I will definitely not be as optimistic as I was before I started the IUI process. Besides writing about it here, I probably won't talk about it much. The whole hope thing is a pisser. I mean, without it, I probably wouldn't still be trying after 47 cycles. But, with it, I've been upset 47 times. I just have to remember that every cycle that doesn't result in a pregnancy is just one more closer to my BFP. (There goes that damn' hope thing again.)
To keep my mind off of things, I decided to go back to work...okay, summer's done and I was forced to go back. Otherwise, the rugrats would be running around my room without supervision and that's a big no-no! It was my second day back today and things went really well. So far, the kids are great. Of course, like I said, it was the second day. I'm sure their true colors will start to come out soon. Luckily, we only have 70 kids this year. We had over 100 last year and that resulted in HUGE class sizes. It definitely has made my room cooler and less smelly after gym class. Don't get me wrong, they still stink, but it's only 16 bodies smelling like sweaty teenager funk as opposed to 30. Trust me, it makes an enormous difference!
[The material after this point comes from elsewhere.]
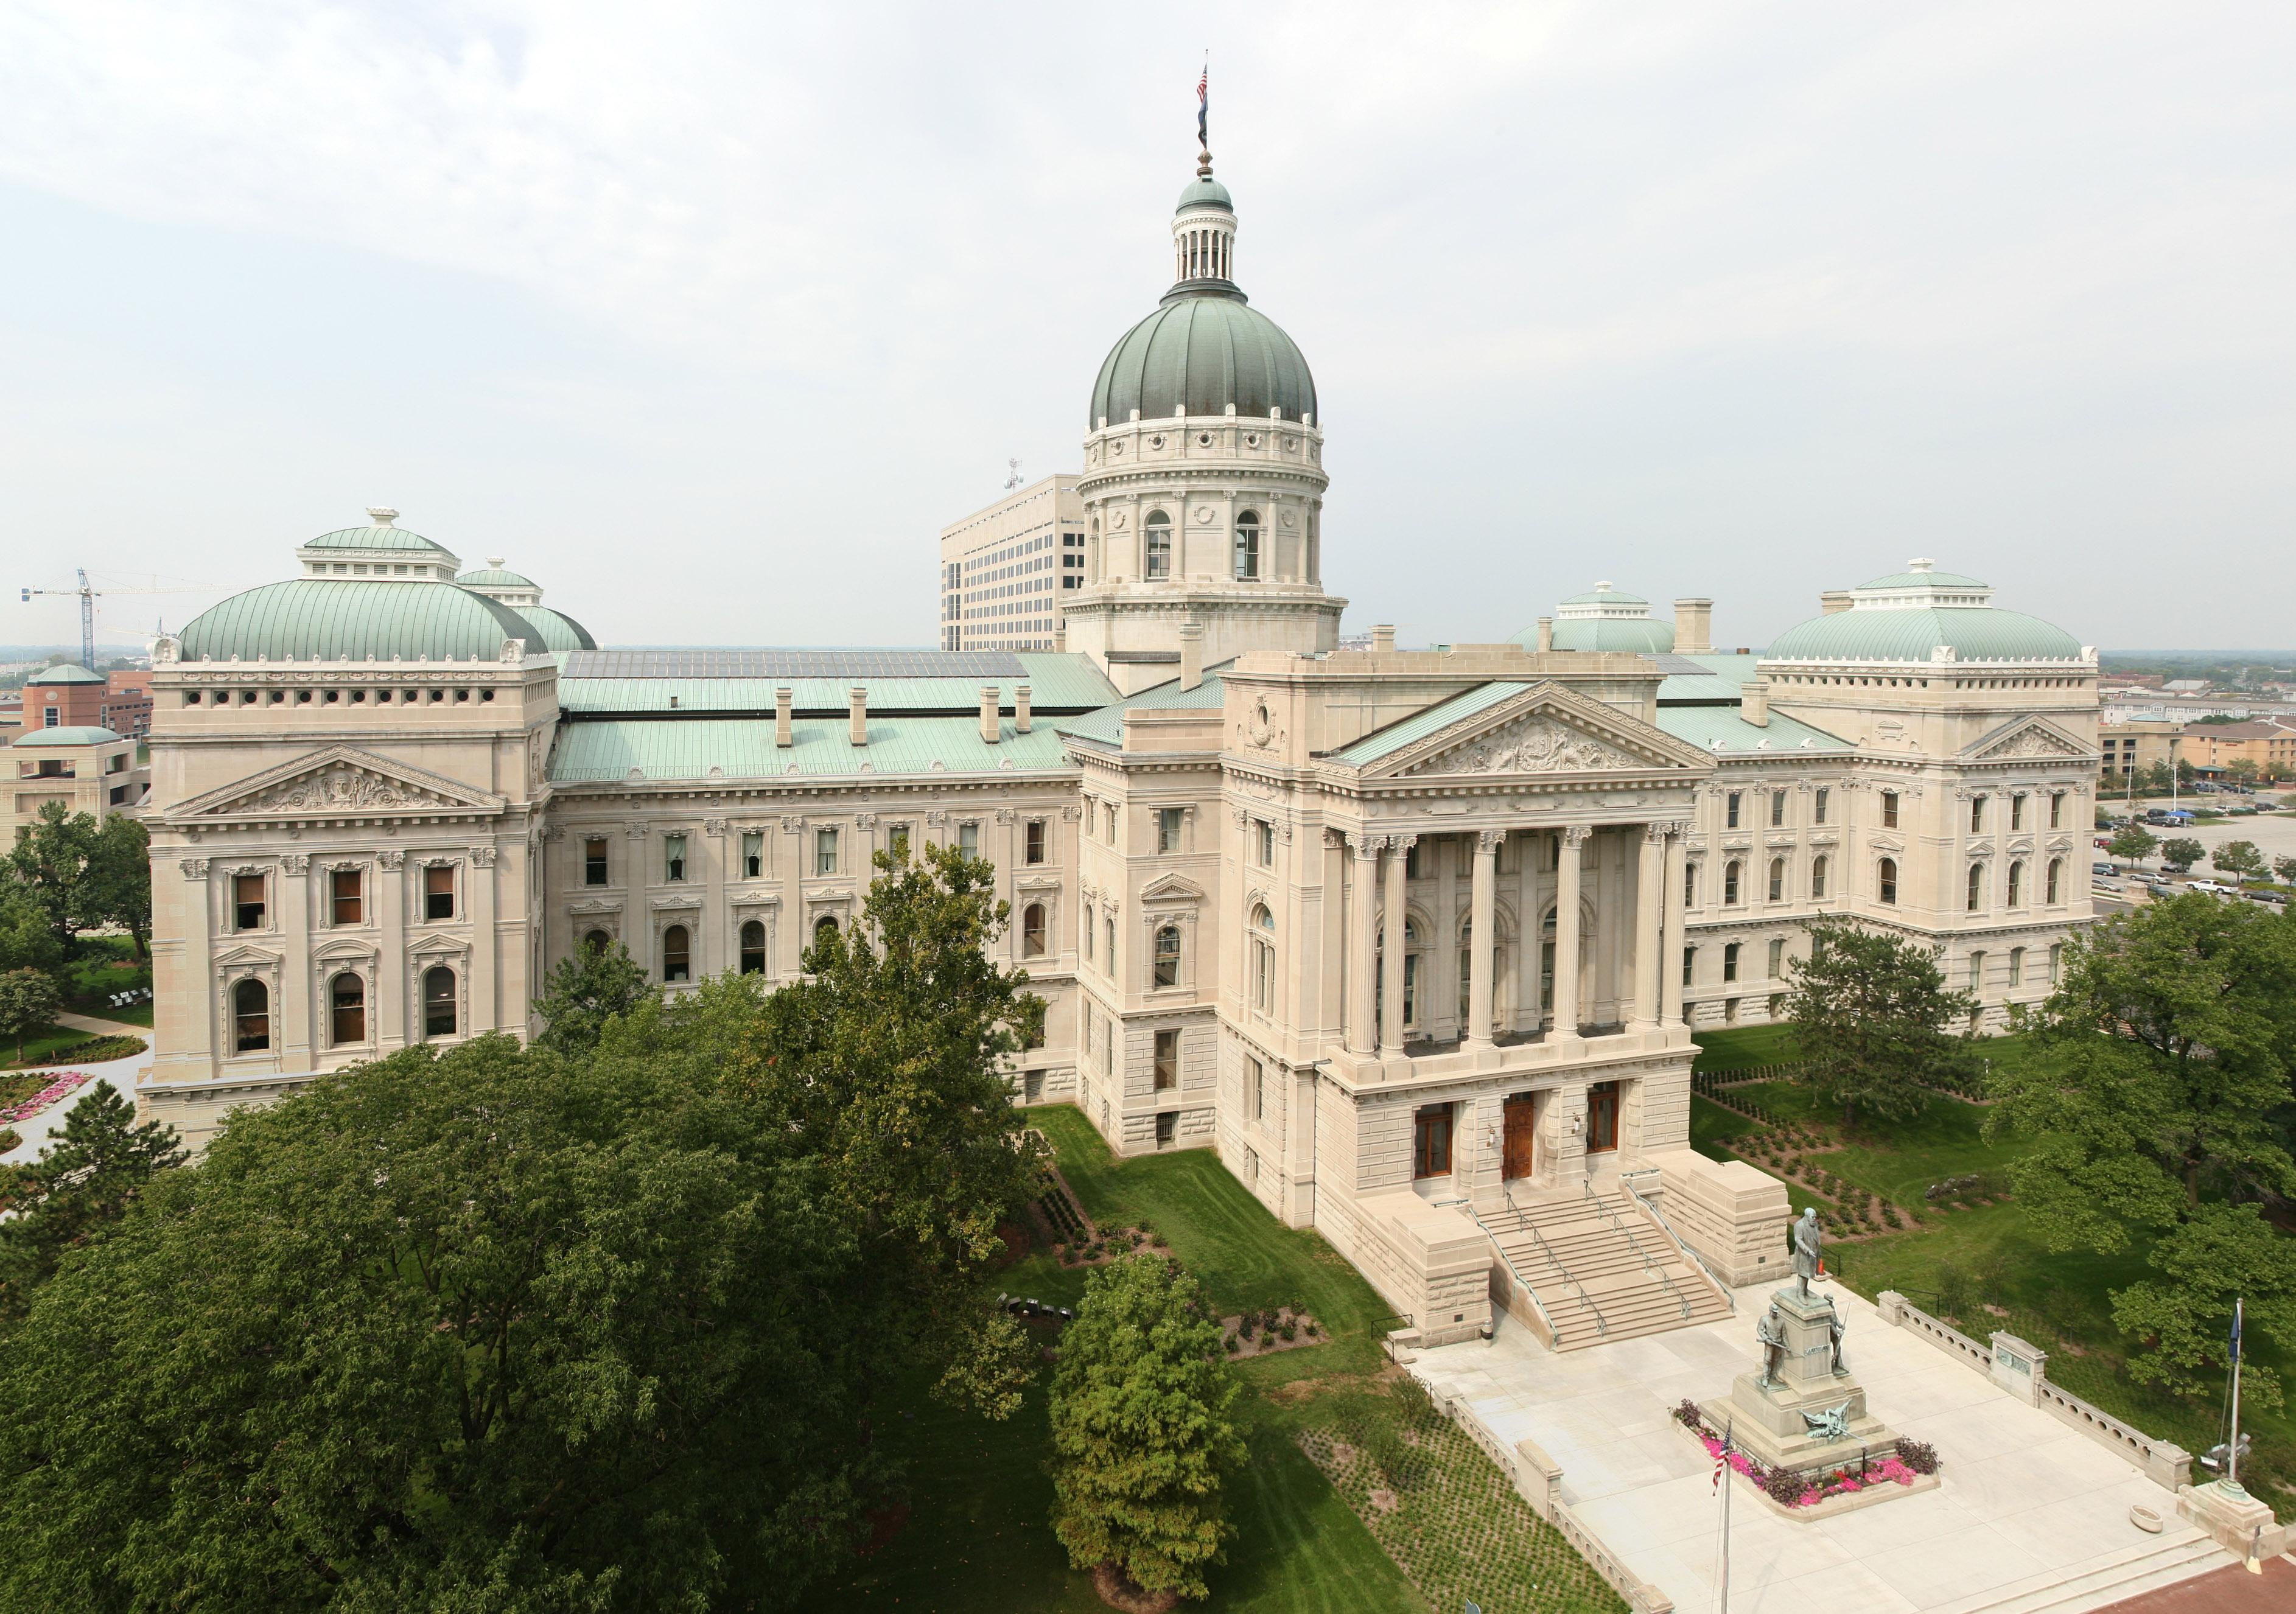 Indiana Capitol

The normal teacher bitch fest has begun, as well. Seriously, if they hate their freaking job so much, find another. I usually stay out of these. These teachers seem so worn out and tired, so I figure they spend too much time bitching and not enough time doing their jobs. It would make me tired too. Don't get me wrong. I do my share of complaining. It's just not about my students. I like them, most of the time.
Maybe the reason I was in a good mood this morning is that I was actually going to a job that I enjoy. I mean, who wouldn't love to hang out with smelly, hormonal teenagers all day?!